Pourquoi l’éventail ? Il est vrai que le mouvement, le geste qui accompagne son déploiement, le mystère qu’il peut cacher ou dévoiler est un acte esthétique en soi. Mais comment transcrire cette légèreté, cette transparence, dans la rigidité de la céramique ? Comment rendre translucide et vibrante la pâte épaisse et l’émail opaque ? Là résident la virtuosité et le talent de Lynda Abdellatif et celle de son éventail Mys-Terre.
Son histoire avec la céramique est un long parcours. Plasticienne ayant choisi la céramique comme spécialité, elle sortit major de sa promotion et fut adoubée toute jeune enseignante. Elle eut les plus grands maîtres : Kharraz lui enseigna les secrets des émaux, Aïcha Filali l’invita en résidence, Sahly l’initia à la peinture…Elle participa à l’élaboration de la fresque des Jeux méditerranéens, exposa à la municipalité de la Kasbah qui lui acheta son œuvre, s’essaya à la photo au cours d’une exposition personnelle à Stuttgart, puis revint à ses premières amours : la céramique.
«La céramique englobe toutes les formes d’art : la peinture, la sculpture… »
Évoluant entre deux ateliers, à Utique où elle fait du raku, et à Menzel Bourguiba où elle habite et où elle a installé un four, elle expose souvent, en Tunisie et à l’étranger où elle est invitée à participer à une fresque monumentale à Valence.
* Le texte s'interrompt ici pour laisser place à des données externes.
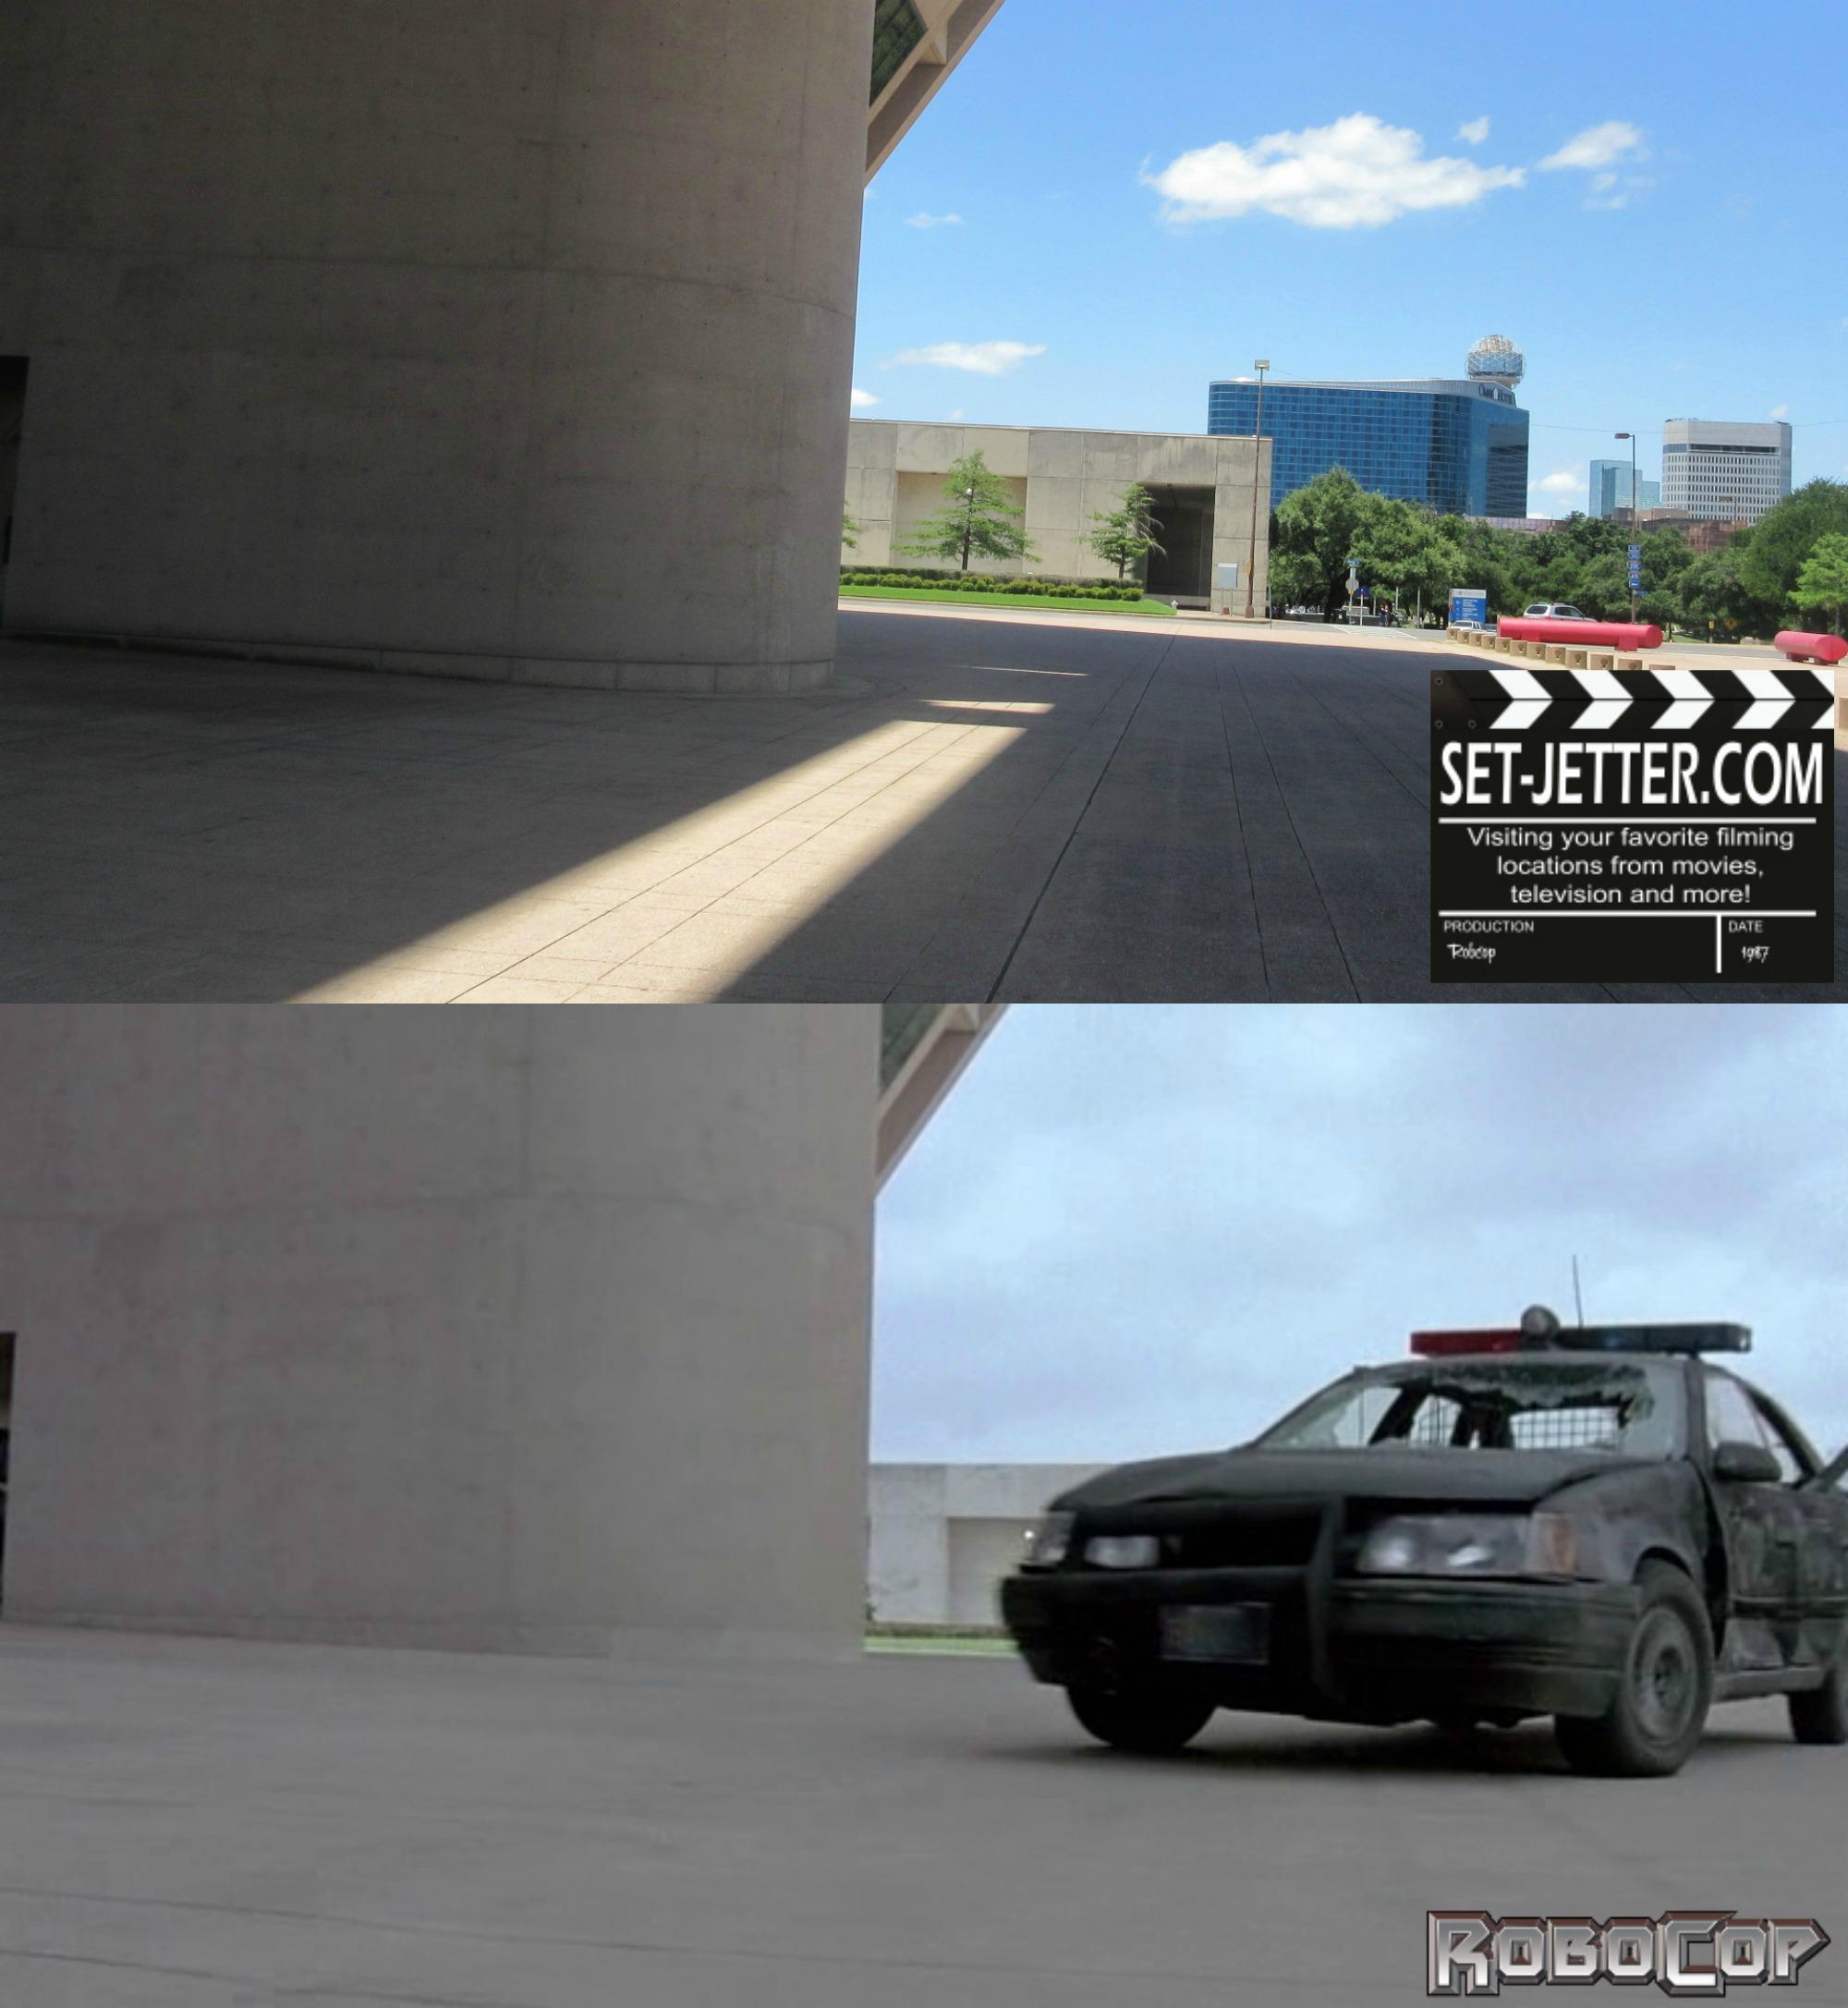 Robocop comparison 155.jpg

Ceci tout en préparant son doctorat sur… «Les problématiques du noir hégémonique». Ce qui, pour quelqu’un connu pour sa virtuosité à dominer les couleurs, est tout de même contradictoire. Pas tant que cela en fait, car pour cette exposition galerie Kalyste, le blanc, antinomie du noir, se taille la part belle.
Une exposition tout en légèreté, en mouvements, en circonvolutions, en déploiements. Cet éventail qu’elle s’est donné pour thème, cet Eve en-Taille dit l’artiste qui aime les jeux de mots, est le symbole de la féminité, de la grâce. Il offre un monde d’images, vecteur de messages. «C’est une métaphore visuelle. Chaque pli renvoie à une histoire, un souvenir, un passage, une expérience. Un éventail en mouvement, c’est l’ouverture de la feuille d’un livre, d’une vie», déclare l’artiste qui se réfère souvent à Deleuze. Cette exposition sur ce thème de l’éventail est une suite, une continuité de la précédente dans le cheminement de Lynda Abdellatif. Ce n’est certainement pas la fin de ce parcours.